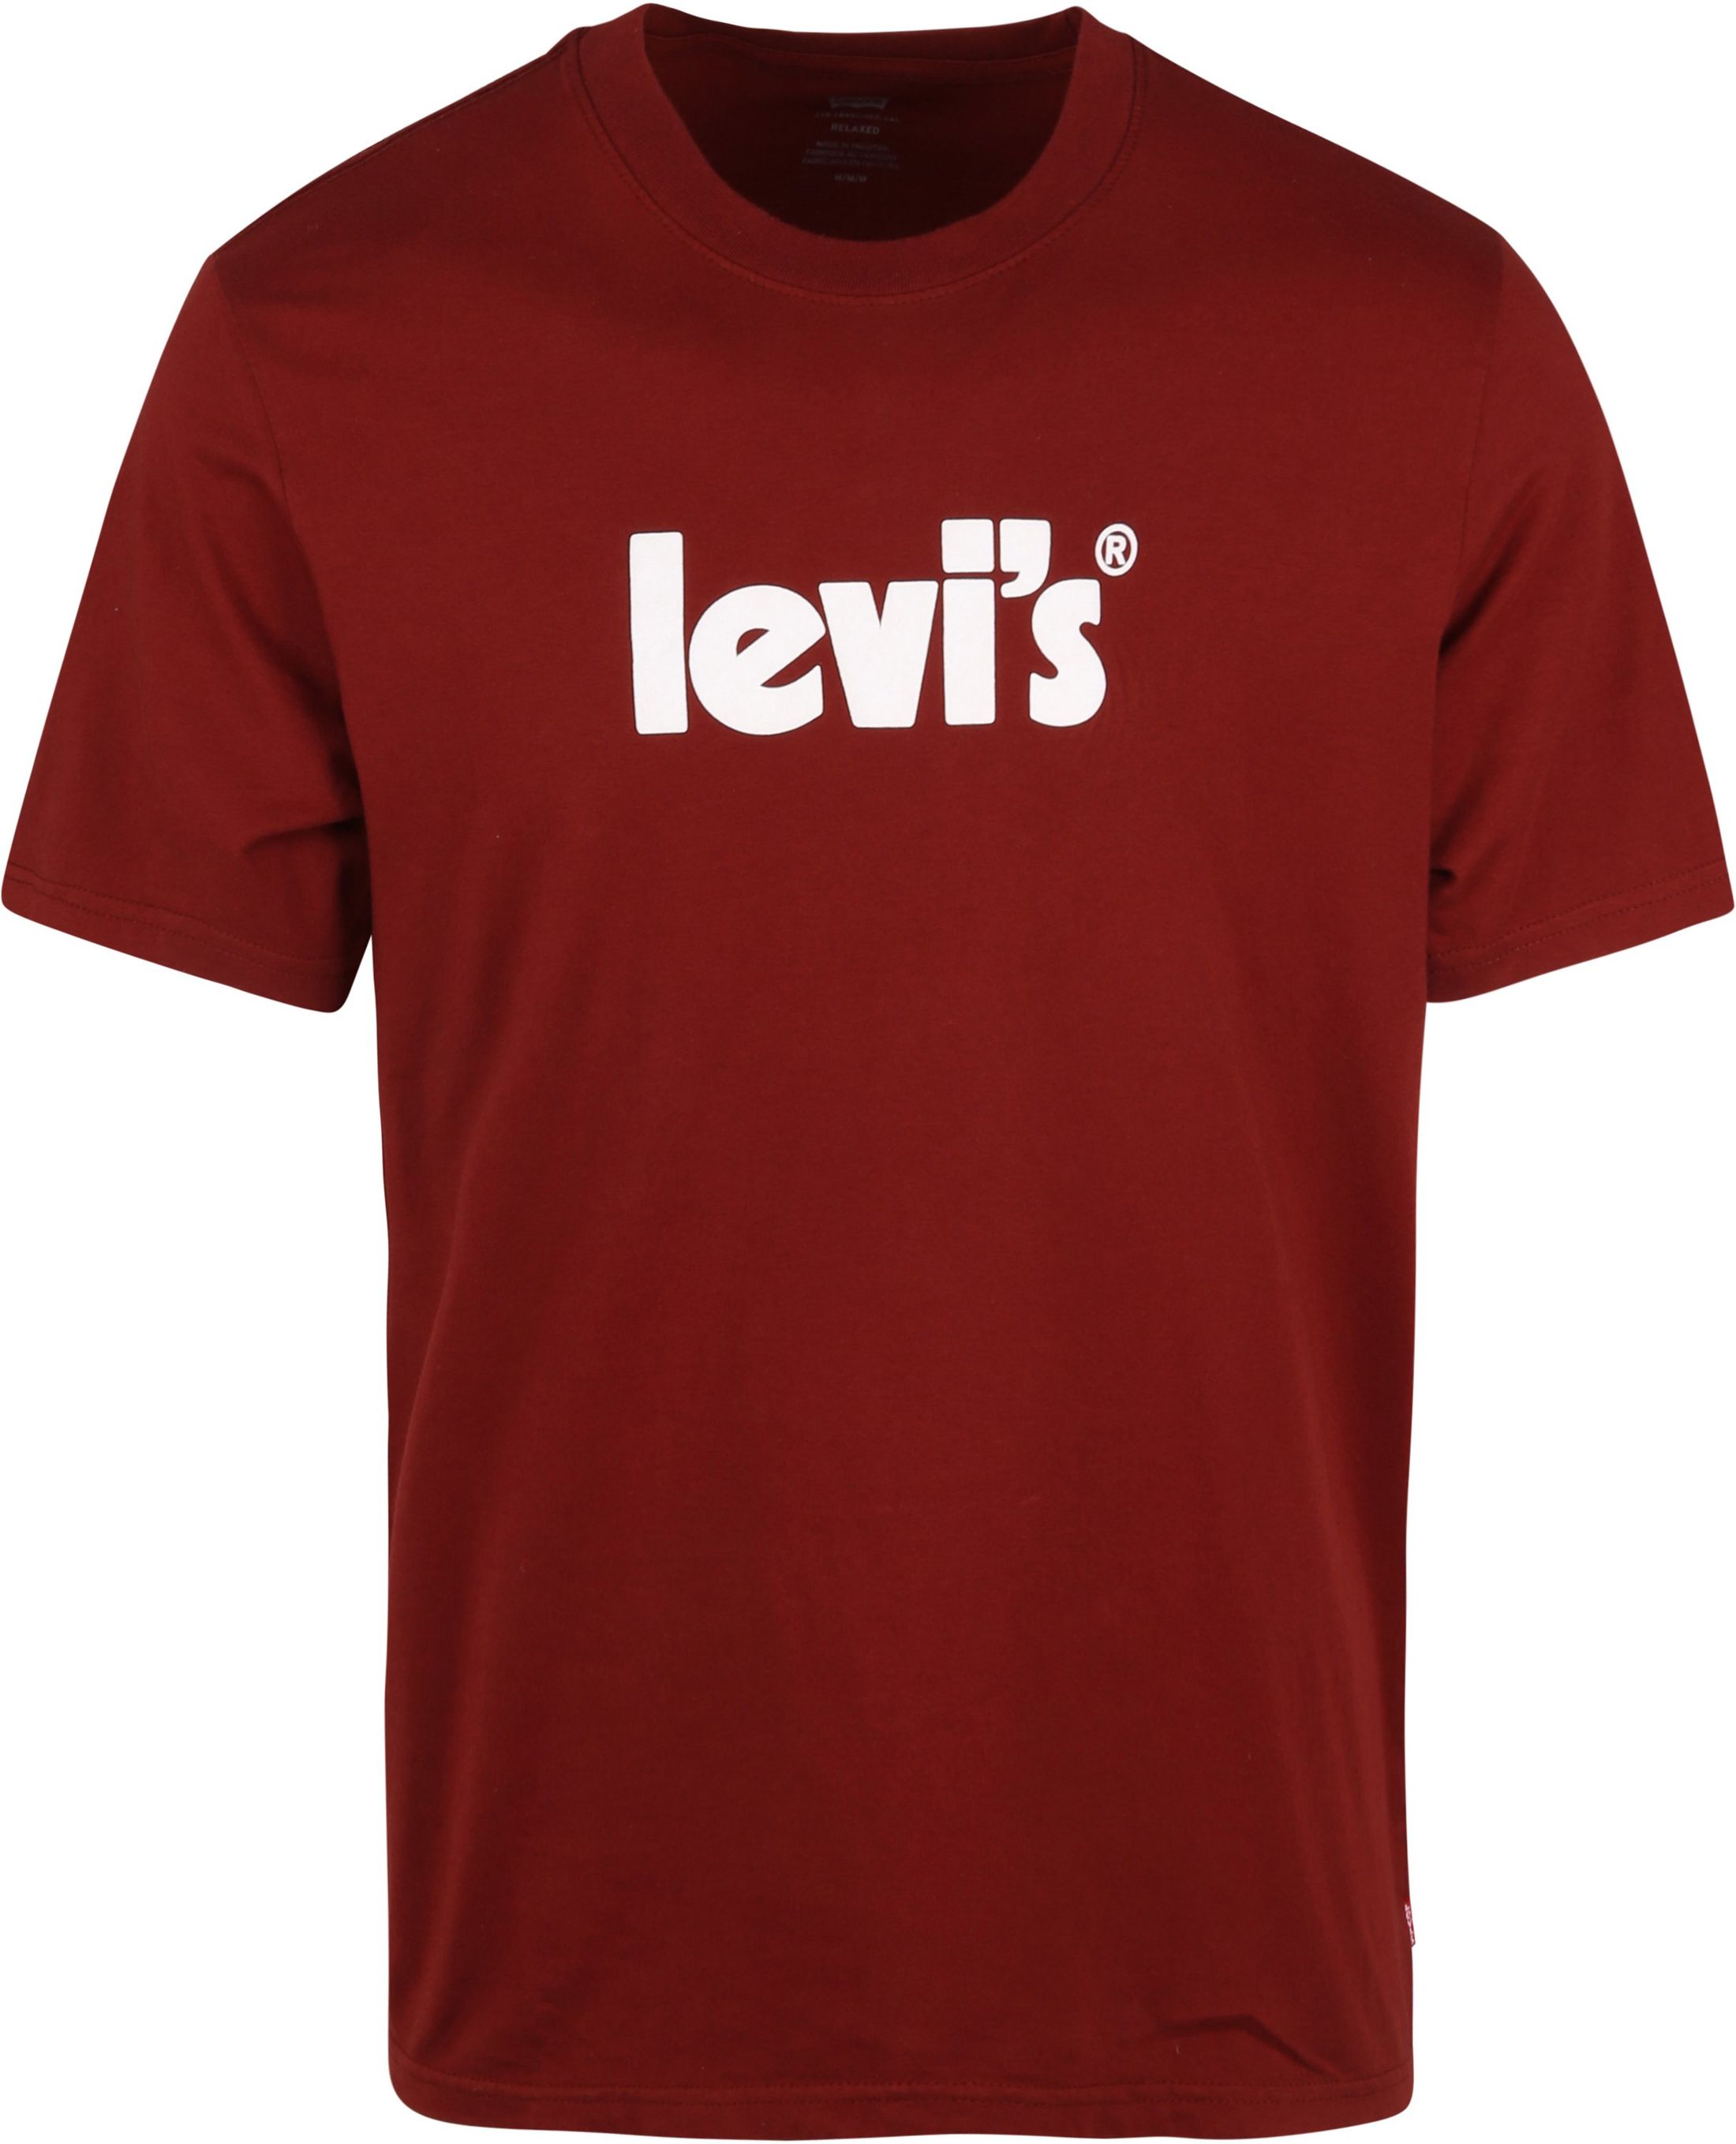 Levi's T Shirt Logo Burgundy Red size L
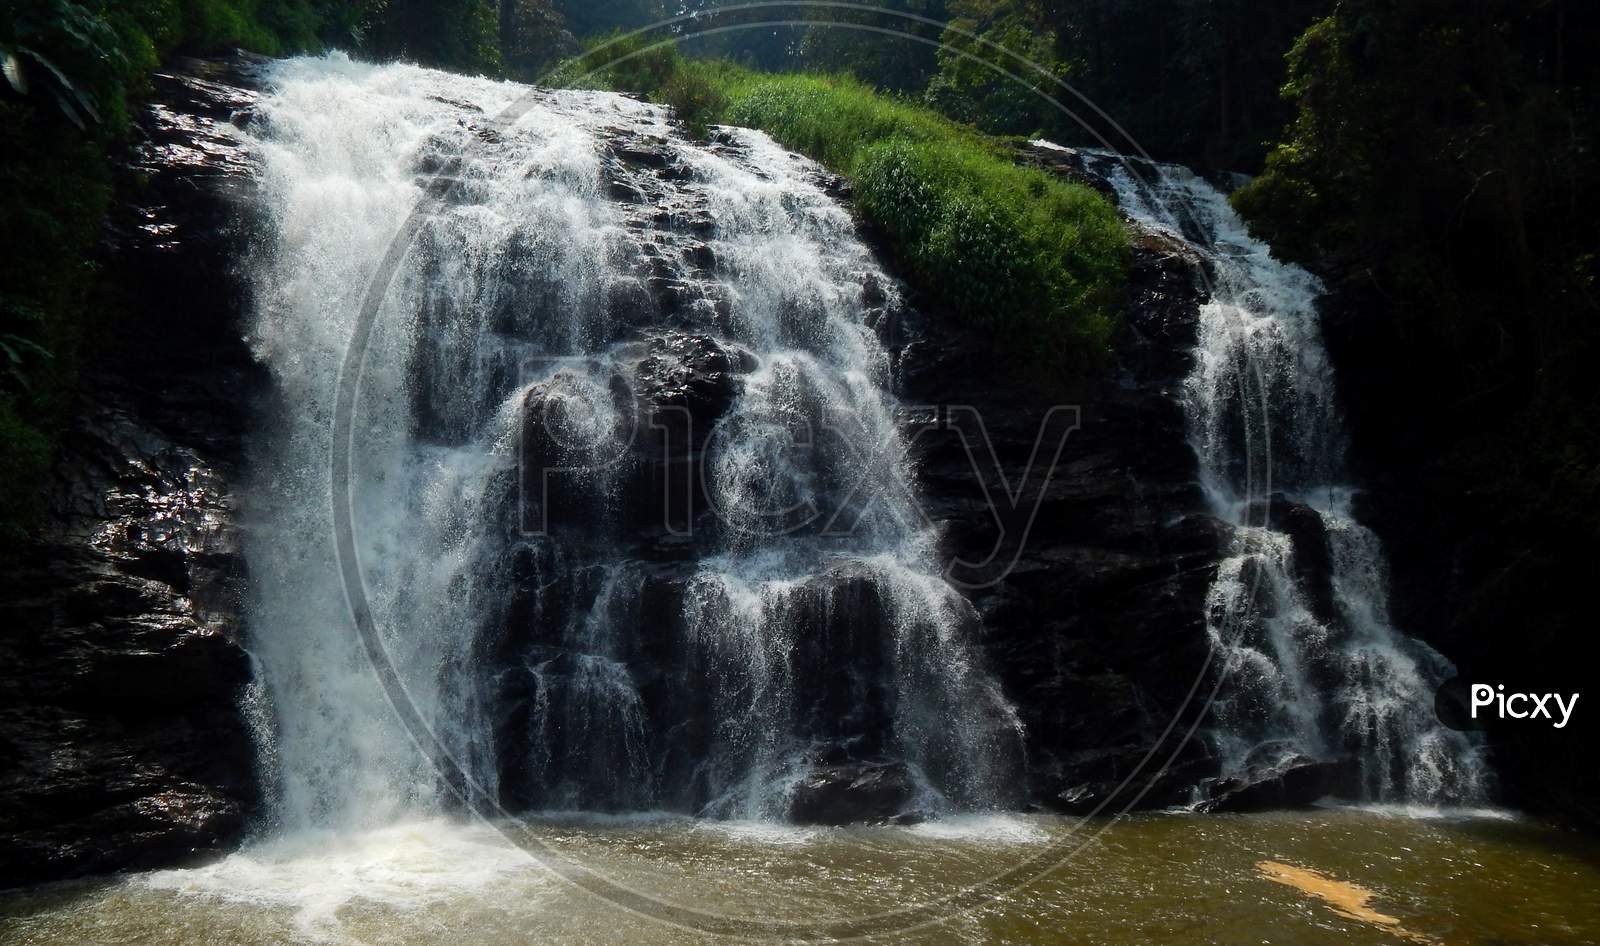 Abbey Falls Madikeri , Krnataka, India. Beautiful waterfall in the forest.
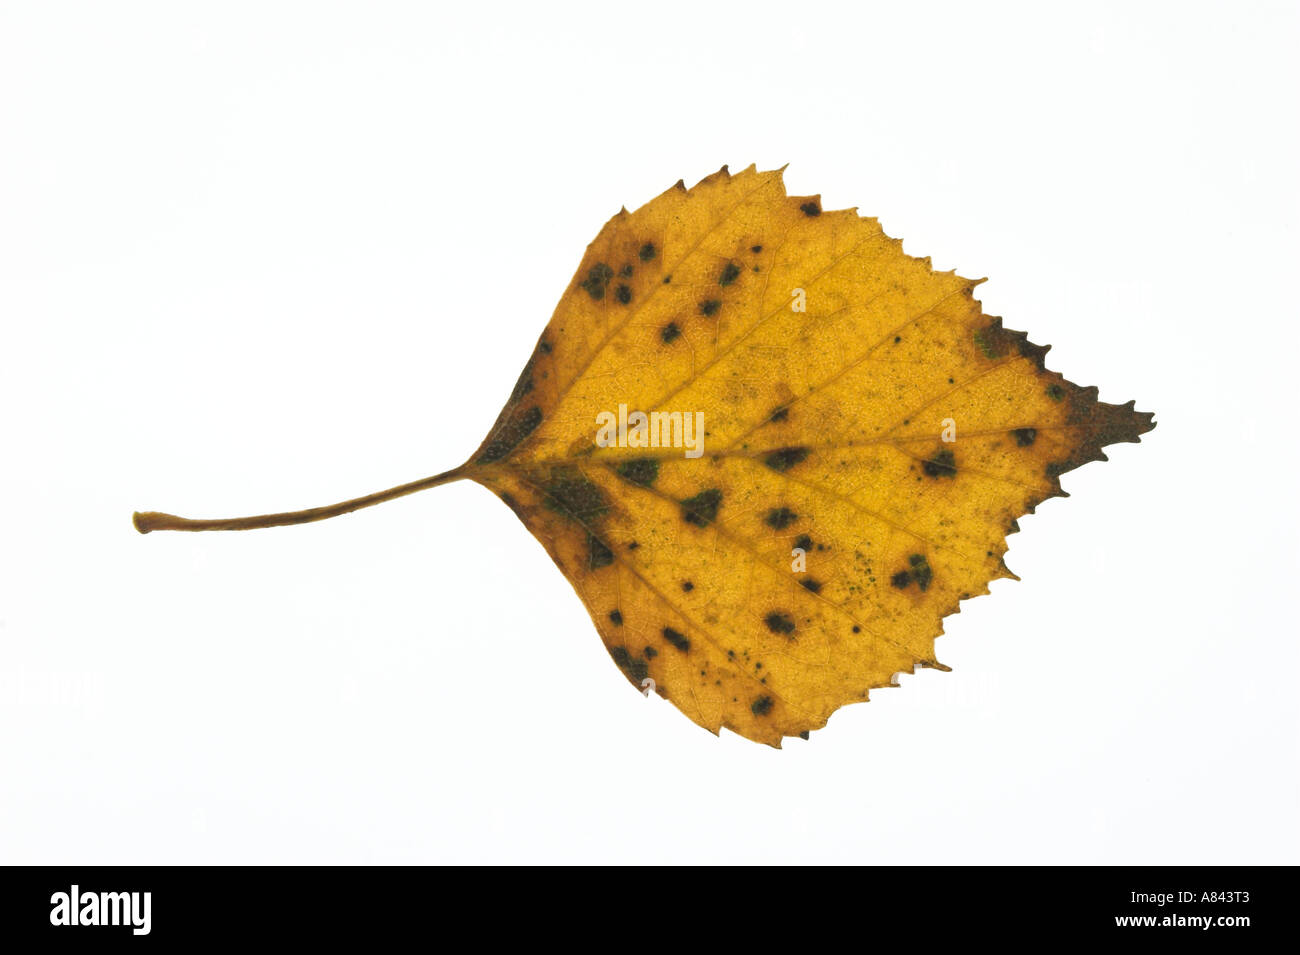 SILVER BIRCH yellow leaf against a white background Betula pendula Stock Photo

--- EXERCISE AIM ---
All of the material above should be copied exactly, minus the pictures.

--- TASK SOLUTION ---
 Levi's T Shirt Logo Burgundy Red size L
 Abbey Falls Madikeri , Krnataka, India. Beautiful waterfall in the forest.
 SILVER BIRCH yellow leaf against a white background Betula pendula Stock Photo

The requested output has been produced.